Our enquiry is limited to Hindi cinema. Of the five film studios


that existed at the time, viz., Bombay, Calcutta, Lahore, Madras
and Poona, the events of 1947 helped the Bombay film industry
tremendously as many artistes and technicians of Lahore migrated
to Bombay (Ahmed, 2012: 60–61).

PRE-INDEPENDENCE CINEMA
Pre-independence Indian cinema had to negotiate three forces:
the colonial censor, the freedom movement, and the conservative
outlook of some top nationalist leaders. The British were worried
that the liberal and socialist impact of English, American and
Russian cinema would influence the Indian mind. Even the liberal
English press thought so (Bhaumik, 1992: 178–96).

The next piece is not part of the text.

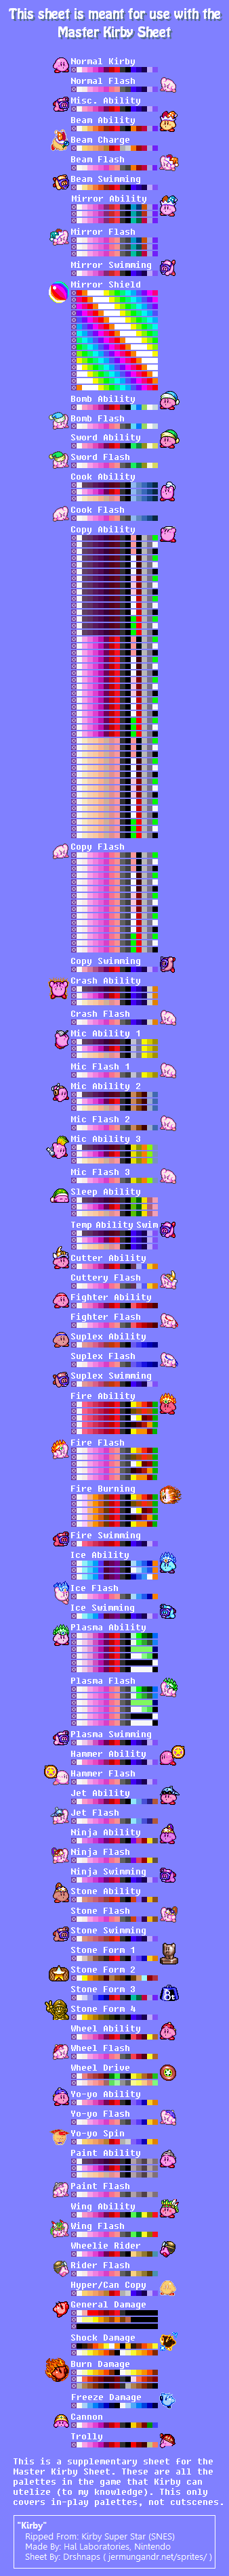 Kirby Palettes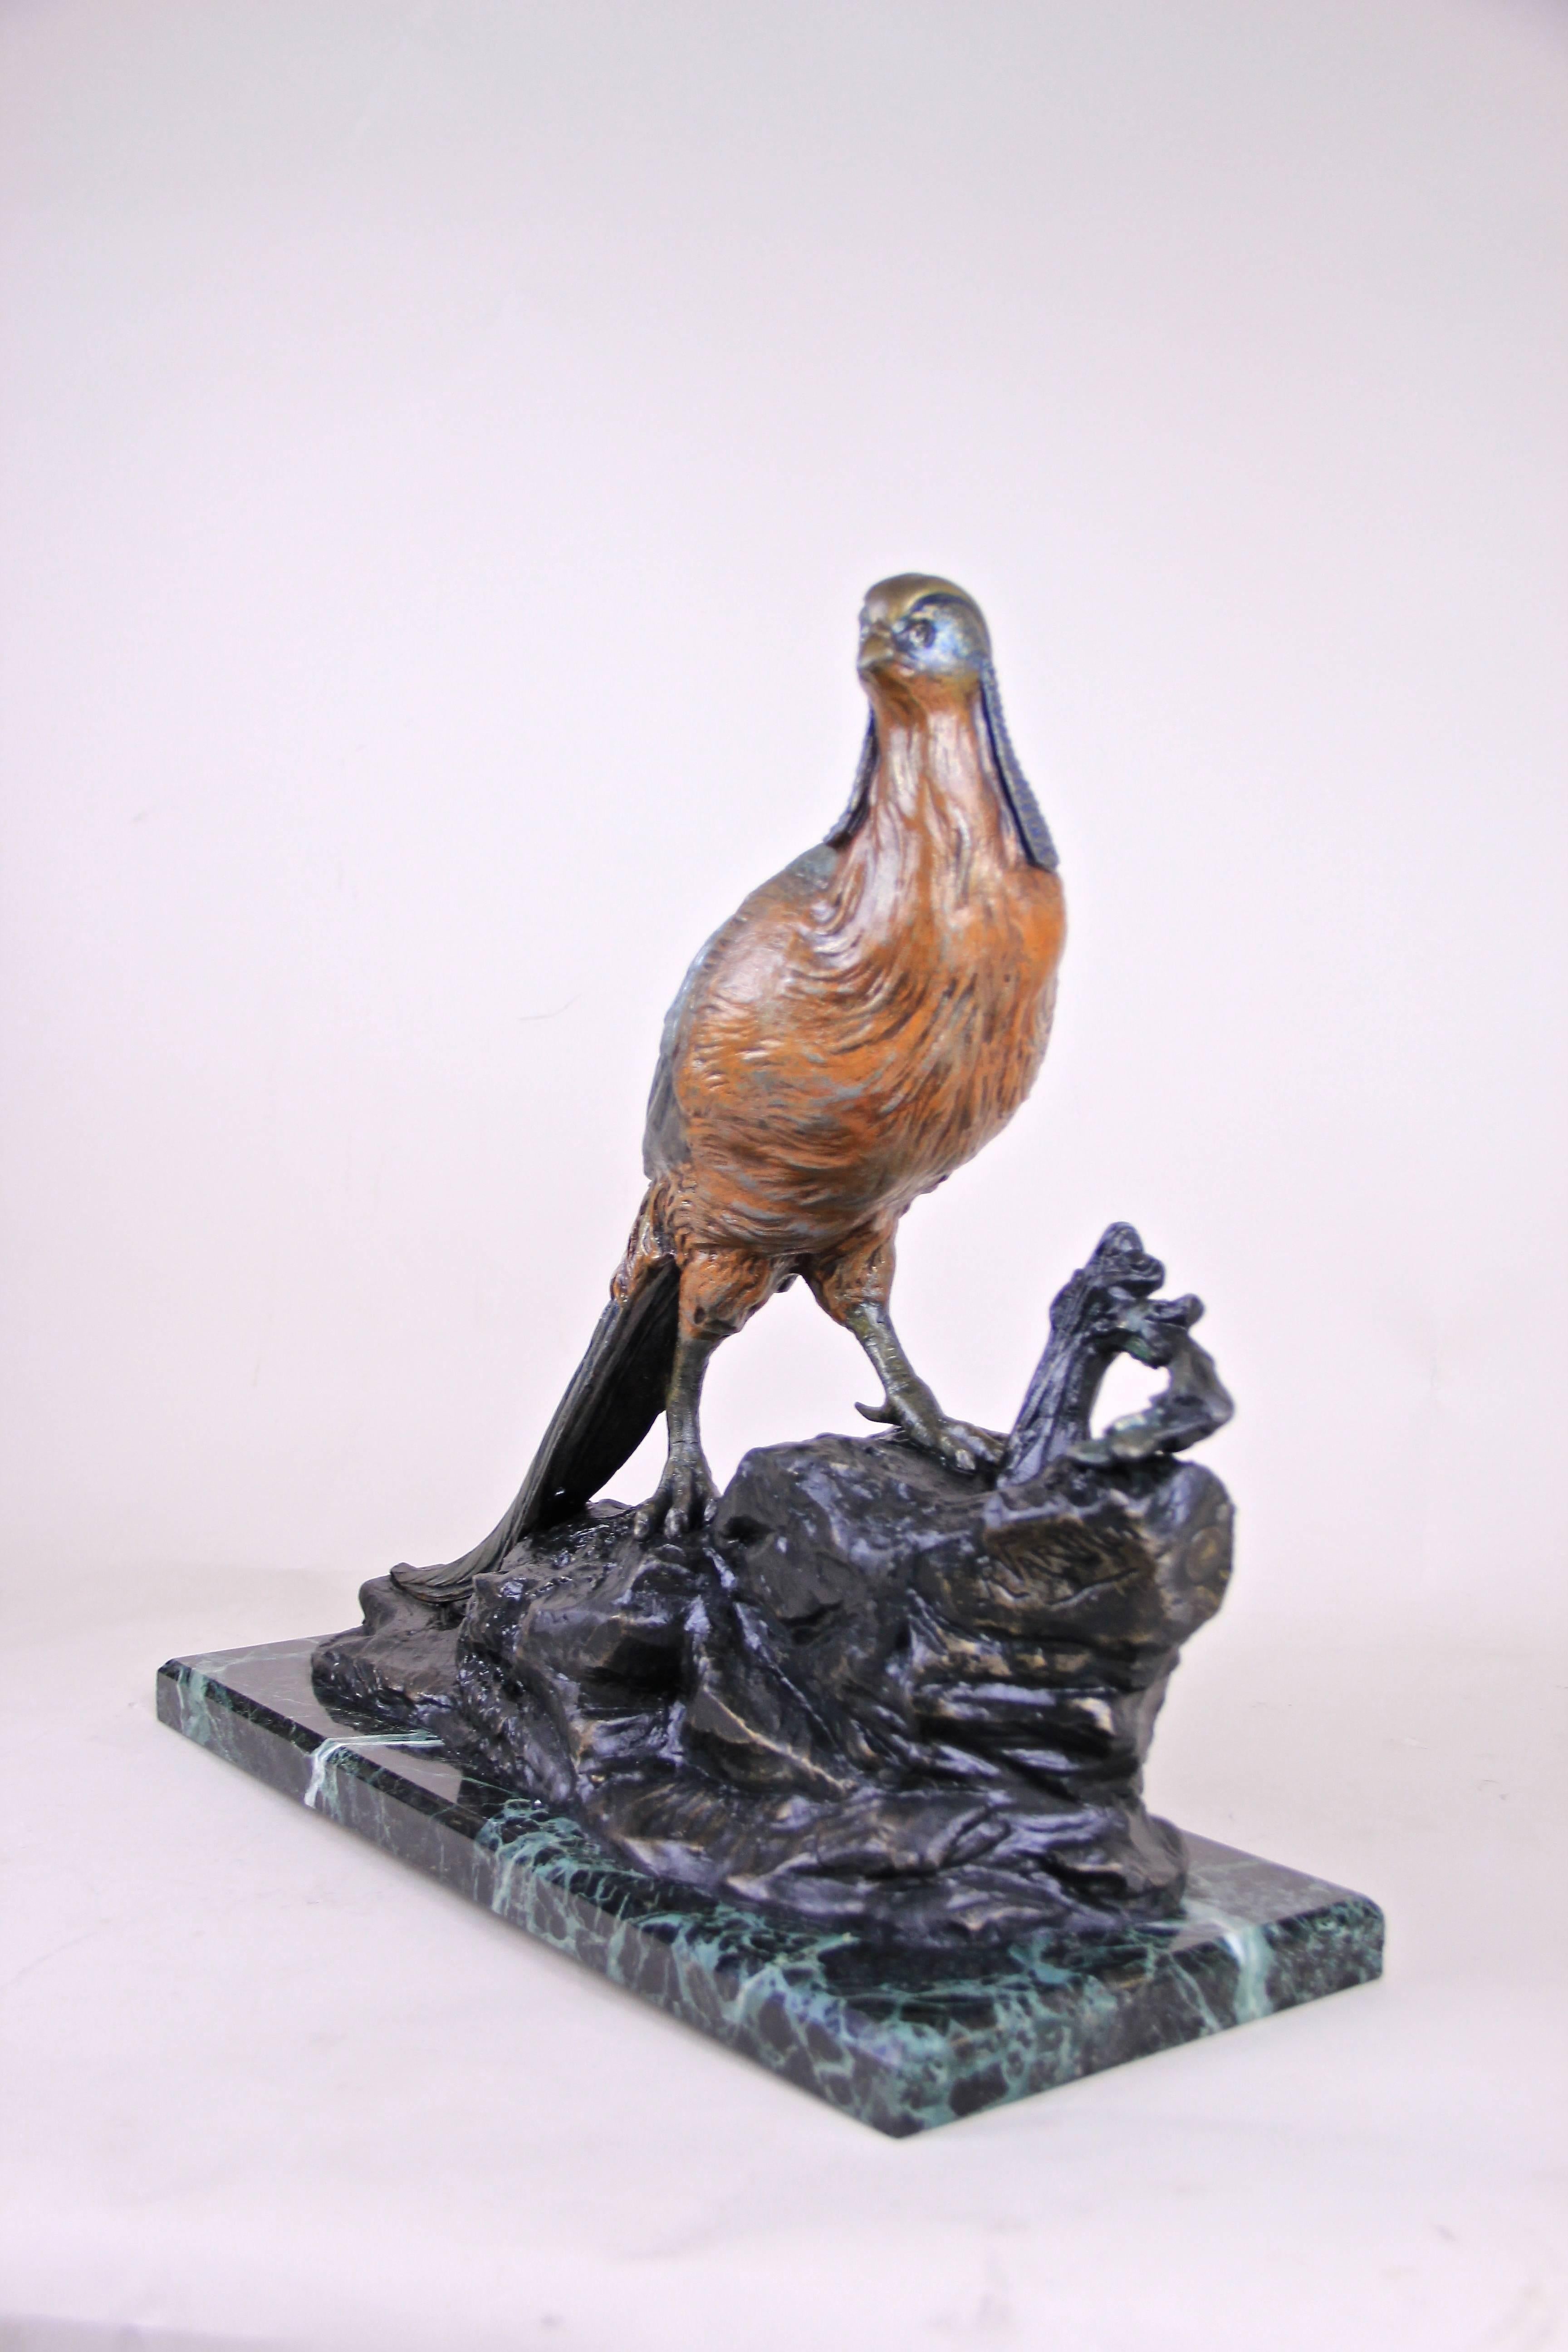 Outstanding Art Nouveau sculpture from, circa 1910 made by the French sculptor Rene Varnier. Out of France from the early Art Nouveau period this amazing bird sculpture captured a majestic pheasant, made with highest attention to details - just take

They were also
worried about the growing surge of nationalist sentiments. This
was evident when they banned in 1921 the silent film Bhakta Vidur
(Vidur the Obedient). Vidur, a character from the Mahabharata,
resembled Mahatma Gandhi in the film: wearing khadi, sporting the
typical Gandhi cap, and using a charkha. Some of its scenes were
anarchist, such as the villagers’ refusal to pay taxes or to evacuate
homes in defiance of government orders (ibid.: 147–48).
It is remarkable, however, that even against the background
of growing Hindu–Muslim tension, V. Shantaram produced Padosi
(The Neighbour; 1941) as an appeal for inter-communal harmony.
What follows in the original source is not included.